Nominal GDP targeting was not adopted by any country in the 1980s.  Amazingly, the founders of the European Central Bank in the 1990s never even considered it on their list of possible anchors for euro monetary policy.  (They ended up with a “two pillar approach,” of which one pillar was supposedly the money supply.) 

But now nominal GDP targeting is back, thanks to enthusiastic blogging by Scott Sumner (at Money Illusion), Lars Christensen (at Market Monetarist), David Beckworth (at Macromarket Musings), Marcus Nunes (at Historinhas) and others.  Indeed, the Economist has held up the successful revival of this idea as an example of the benefits to society of the blogosphere.  Economists at Goldman Sachs have also come out in favor. 

Fans of nominal GDP targeting point out that it would not, like Inflation Targeting, have the problem of excessive tightening in response to adverse supply shocks.    Nominal GDP targeting stabilizes demand, which is really all that can be asked of monetary policy.  An adverse supply shock is automatically divided between inflation and real GDP, equally, which is pretty much what a central bank with discretion would do anyway.

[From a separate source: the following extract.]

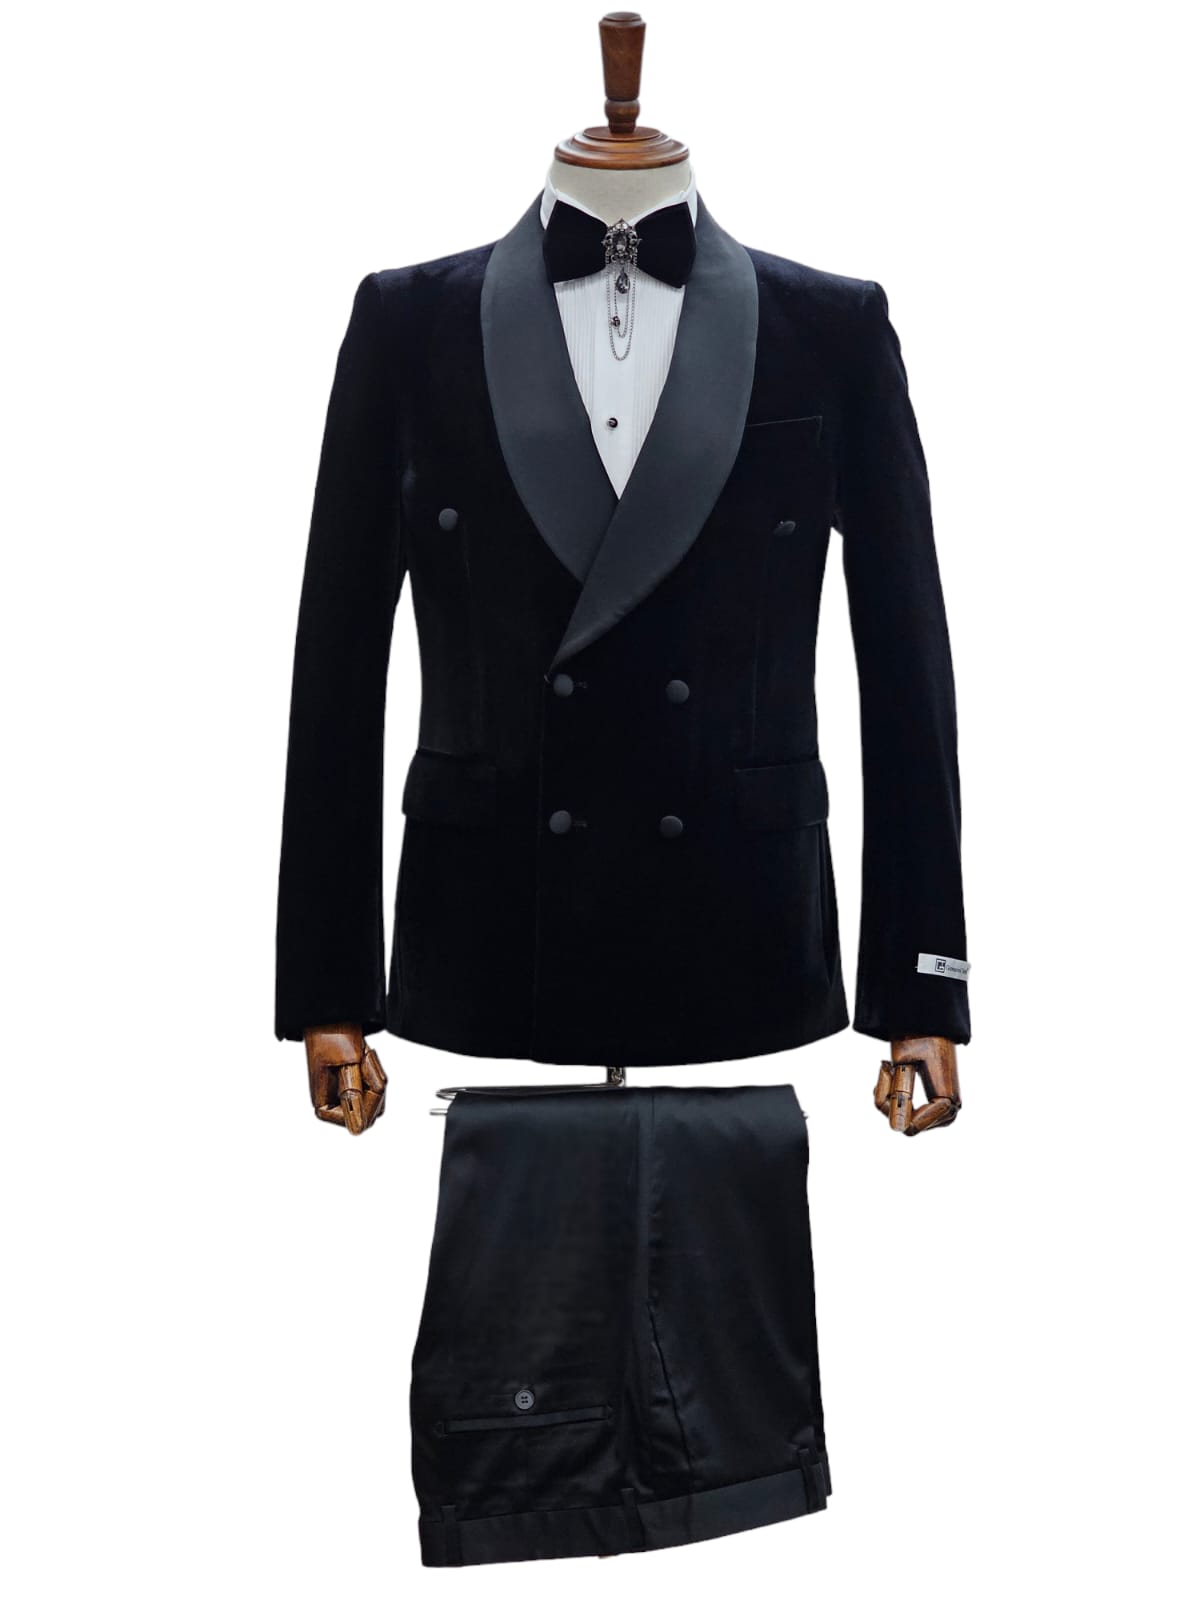 KCT Menswear - Velvet Black Glitter Gold Blazer with Shawl Lapel -  Luxurious and Stylish for Prom and Formal events, Free Shipping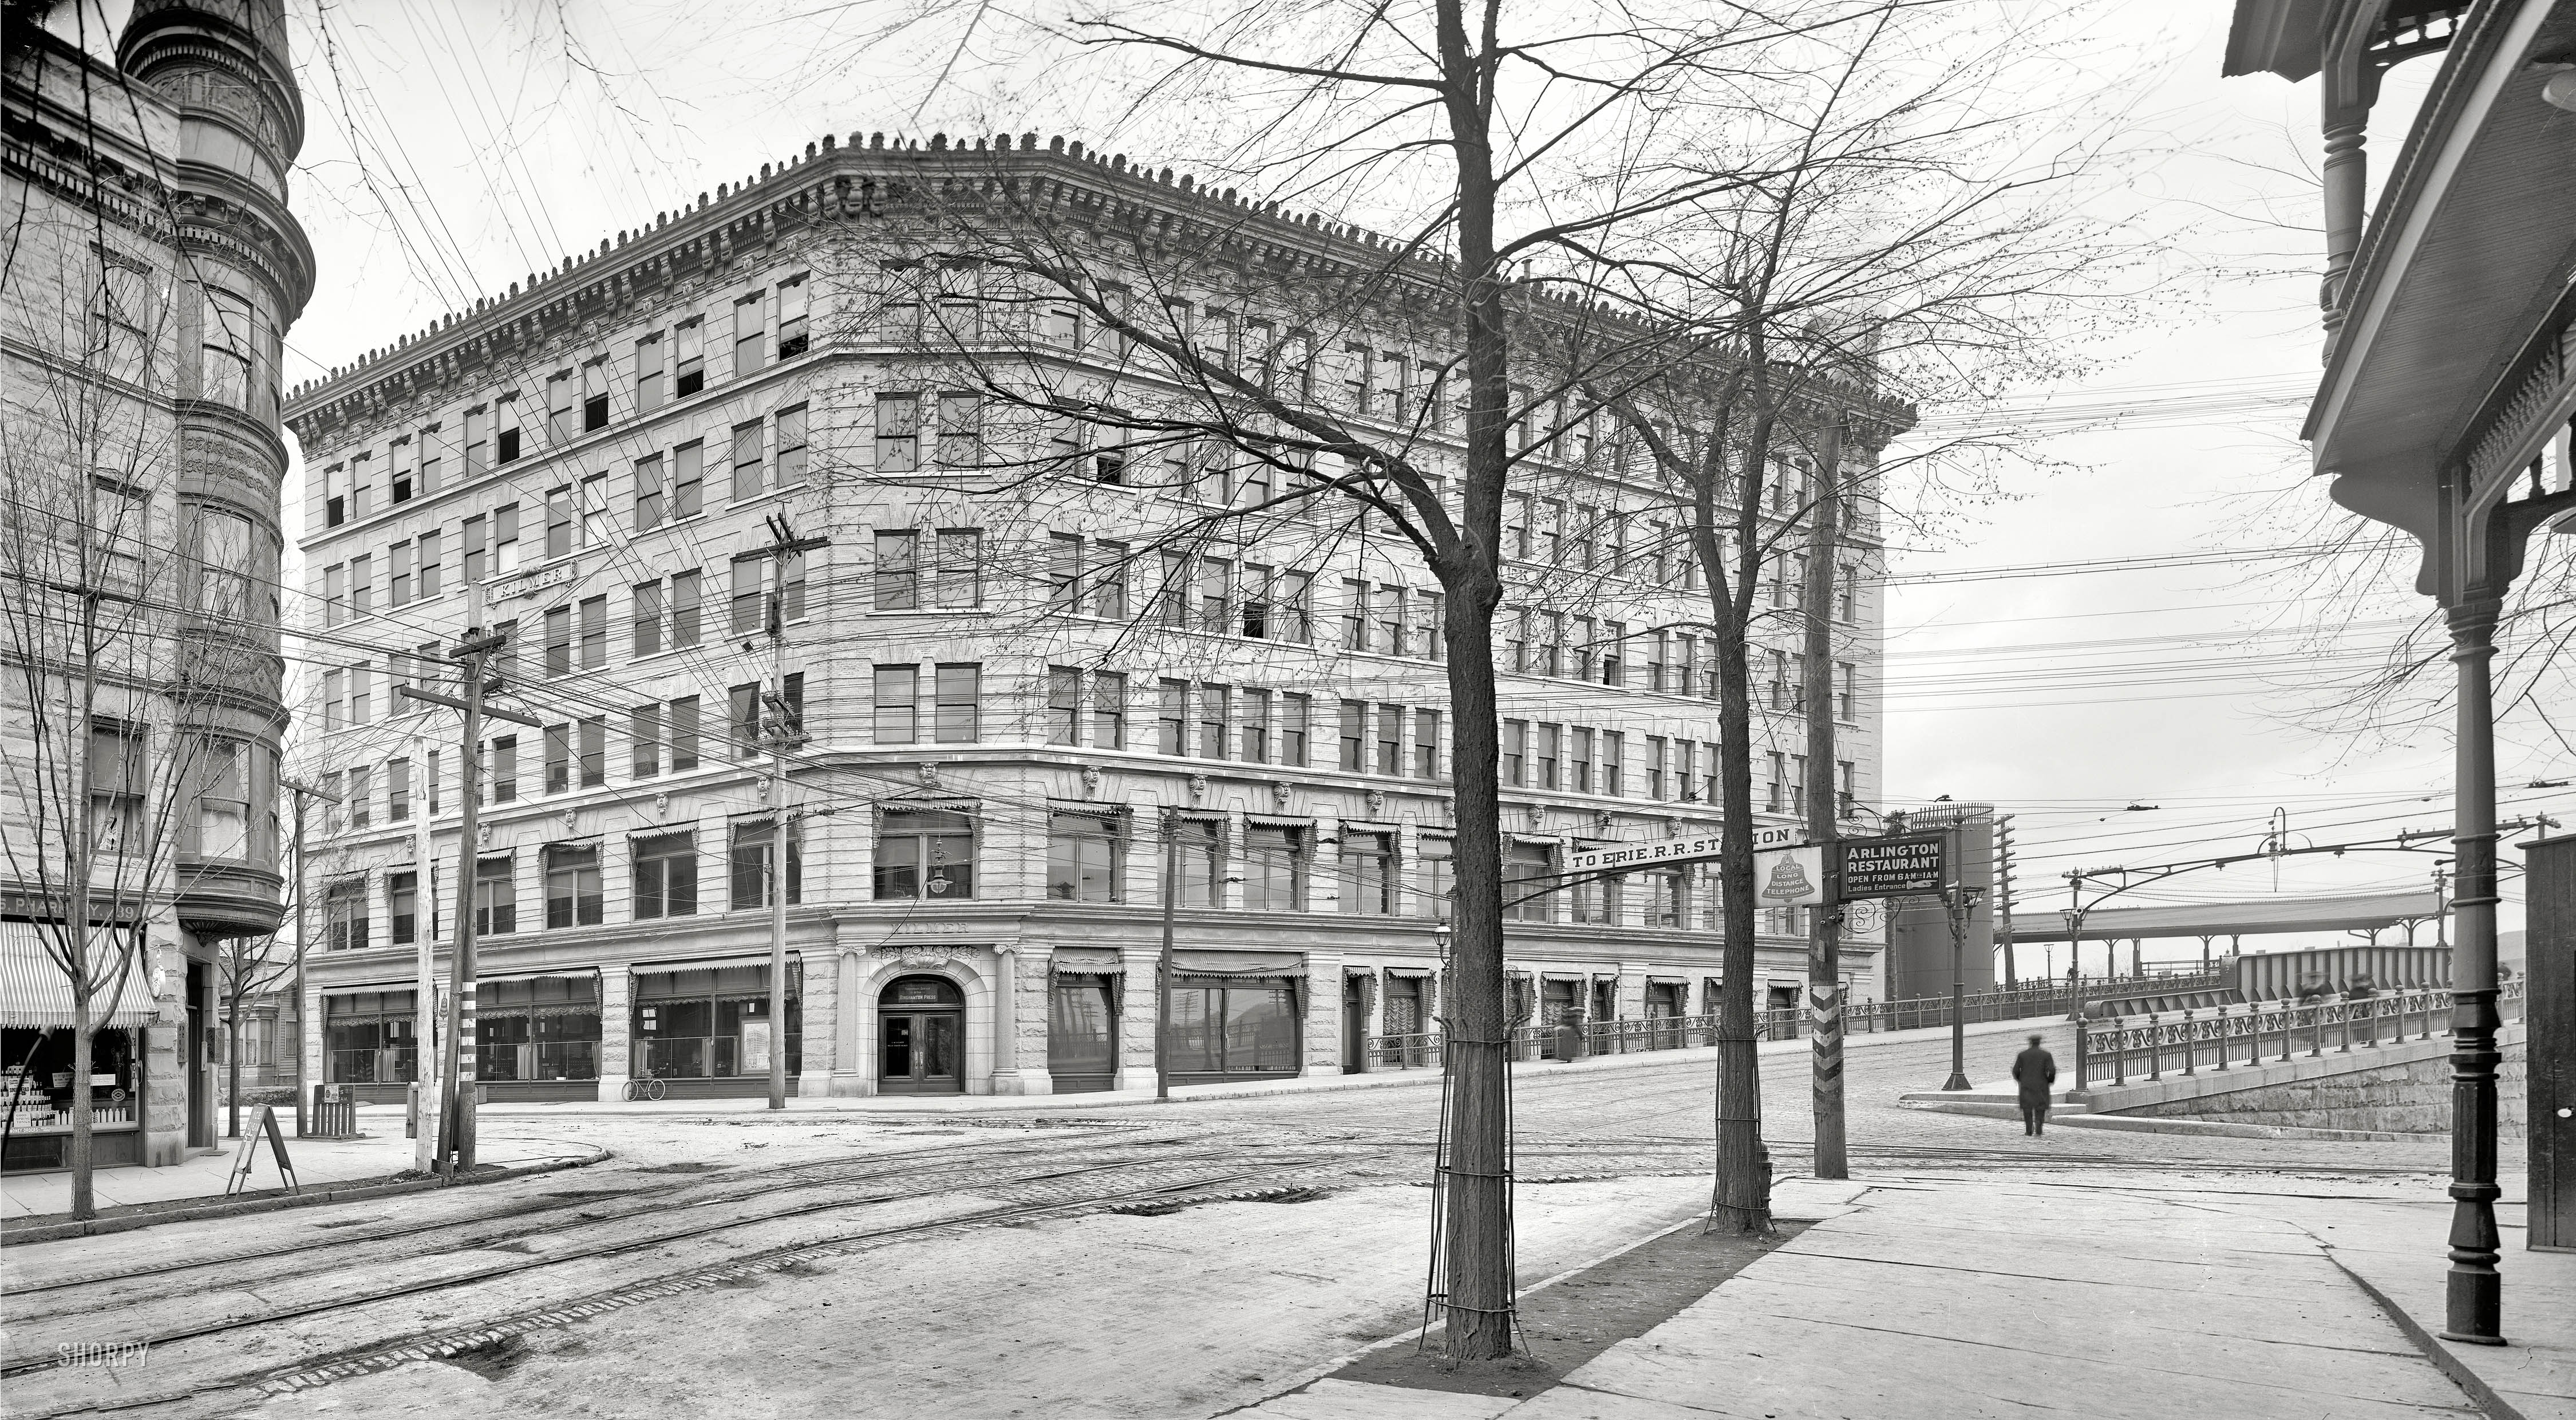 Binghamton, New York, circa 1905. "Kilmer factory." The wellspring of Dr. Kilmer's Swamp Root, a popular patent medicine. The building was also the temporary headquarters of another Kilmer enterprise, the Binghamton Press newspaper. Panorama of two 8x10 inch glass negatives. View full size.

In the long term, the advantage of a regime that targets nominal GDP is that it is more robust with respect to shocks than the competitors (gold standard, money target, exchange rate target, or CPI target).   But why has it suddenly gained popularity at this point in history, after two decades of living in obscurity?  Nominal GDP targeting might also have another advantage in the current unfortunate economic situation that afflicts much of the world:  Its proponents see it as a way of achieving a monetary expansion that is much-needed at the current juncture.

Monetary easing in advanced countries since 2008, though strong, has not been strong enough to bring unemployment down rapidly nor to restore output to potential.  It is hard to get the real interest rate down when the nominal interest rate is already close to zero. This has led some, such as Olivier Blanchard and Paul Krugman, to recommend that central banks announce a higher inflation target: 4 or 5 per cent.   (This is what Krugman and Ben Bernanke advised the Bank of Japan to do in the 1990s, to get out of its deflationary trap.)  But most economists, and an even higher percentage of central bankers, are loath to give up the anchoring of expected inflation at 2 per cent which they fought so long and hard to achieve in the 1980s and 1990s.  Of course one could declare that the shift from a 2 % target to 4 % would be temporary.  But it is hard to deny that this would damage the long-run credibility of the sacrosanct 2% number.   An attraction of nominal GDP targeting is that one could set a target for nominal GDP that constituted 4 or 5% increase over the coming year – which for a country teetering on the fence between recovery and recession would in effect supply as much monetary ease as a 4% inflation target – and yet one would not be giving up the hard-won emphasis on 2% inflation as the long-run anchor.

Thus nominal GDP targeting could help address our current problems as well as a durable monetary regime for the future.